**Exercise prompt**
Below are some entries; state how many of their lines contain the word "Rose", with nothing else in the reply.

(Given records)

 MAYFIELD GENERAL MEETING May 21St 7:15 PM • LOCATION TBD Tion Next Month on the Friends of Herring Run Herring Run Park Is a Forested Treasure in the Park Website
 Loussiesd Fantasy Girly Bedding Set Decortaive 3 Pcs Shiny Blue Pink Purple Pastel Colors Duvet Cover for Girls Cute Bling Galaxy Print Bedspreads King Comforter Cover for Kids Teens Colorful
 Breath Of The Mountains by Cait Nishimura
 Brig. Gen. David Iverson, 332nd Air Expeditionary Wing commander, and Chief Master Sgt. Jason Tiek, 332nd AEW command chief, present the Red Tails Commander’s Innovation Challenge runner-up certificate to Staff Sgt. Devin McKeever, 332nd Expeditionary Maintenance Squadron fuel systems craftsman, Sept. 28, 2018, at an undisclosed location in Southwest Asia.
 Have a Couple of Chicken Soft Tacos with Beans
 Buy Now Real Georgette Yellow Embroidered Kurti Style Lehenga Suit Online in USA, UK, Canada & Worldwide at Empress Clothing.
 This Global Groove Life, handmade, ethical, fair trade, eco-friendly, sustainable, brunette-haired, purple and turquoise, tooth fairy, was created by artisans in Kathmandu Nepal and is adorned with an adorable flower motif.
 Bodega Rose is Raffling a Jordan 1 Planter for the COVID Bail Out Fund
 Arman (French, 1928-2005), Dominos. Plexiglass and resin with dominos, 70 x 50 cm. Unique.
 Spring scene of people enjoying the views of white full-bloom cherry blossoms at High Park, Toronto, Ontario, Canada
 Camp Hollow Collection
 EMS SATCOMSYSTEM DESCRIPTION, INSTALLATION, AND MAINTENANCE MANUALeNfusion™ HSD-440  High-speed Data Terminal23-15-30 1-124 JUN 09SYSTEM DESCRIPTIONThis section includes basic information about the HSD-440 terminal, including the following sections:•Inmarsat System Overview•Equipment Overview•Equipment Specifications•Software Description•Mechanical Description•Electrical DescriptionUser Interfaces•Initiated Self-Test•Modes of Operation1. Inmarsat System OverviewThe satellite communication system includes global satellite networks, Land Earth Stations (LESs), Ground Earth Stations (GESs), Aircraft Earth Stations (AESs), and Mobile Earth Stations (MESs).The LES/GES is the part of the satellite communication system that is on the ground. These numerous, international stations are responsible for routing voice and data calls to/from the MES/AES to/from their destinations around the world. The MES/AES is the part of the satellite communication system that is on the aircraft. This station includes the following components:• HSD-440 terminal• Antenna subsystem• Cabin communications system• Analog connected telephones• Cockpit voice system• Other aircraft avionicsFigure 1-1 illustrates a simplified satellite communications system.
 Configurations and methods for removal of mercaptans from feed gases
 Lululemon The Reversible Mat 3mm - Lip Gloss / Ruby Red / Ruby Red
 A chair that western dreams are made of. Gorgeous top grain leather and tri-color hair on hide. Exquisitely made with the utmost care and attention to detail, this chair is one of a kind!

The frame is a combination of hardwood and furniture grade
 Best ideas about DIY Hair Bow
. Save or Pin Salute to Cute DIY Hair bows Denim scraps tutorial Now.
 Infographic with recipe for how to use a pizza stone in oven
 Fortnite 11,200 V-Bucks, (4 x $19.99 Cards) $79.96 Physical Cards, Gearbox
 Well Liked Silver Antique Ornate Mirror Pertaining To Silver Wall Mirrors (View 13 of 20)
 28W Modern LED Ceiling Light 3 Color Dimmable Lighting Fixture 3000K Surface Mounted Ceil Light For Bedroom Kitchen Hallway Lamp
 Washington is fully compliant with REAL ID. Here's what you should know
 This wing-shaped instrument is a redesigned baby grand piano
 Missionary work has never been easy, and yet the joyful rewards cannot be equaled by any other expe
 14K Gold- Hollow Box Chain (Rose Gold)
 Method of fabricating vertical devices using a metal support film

(End Given records)

**Task answer**
2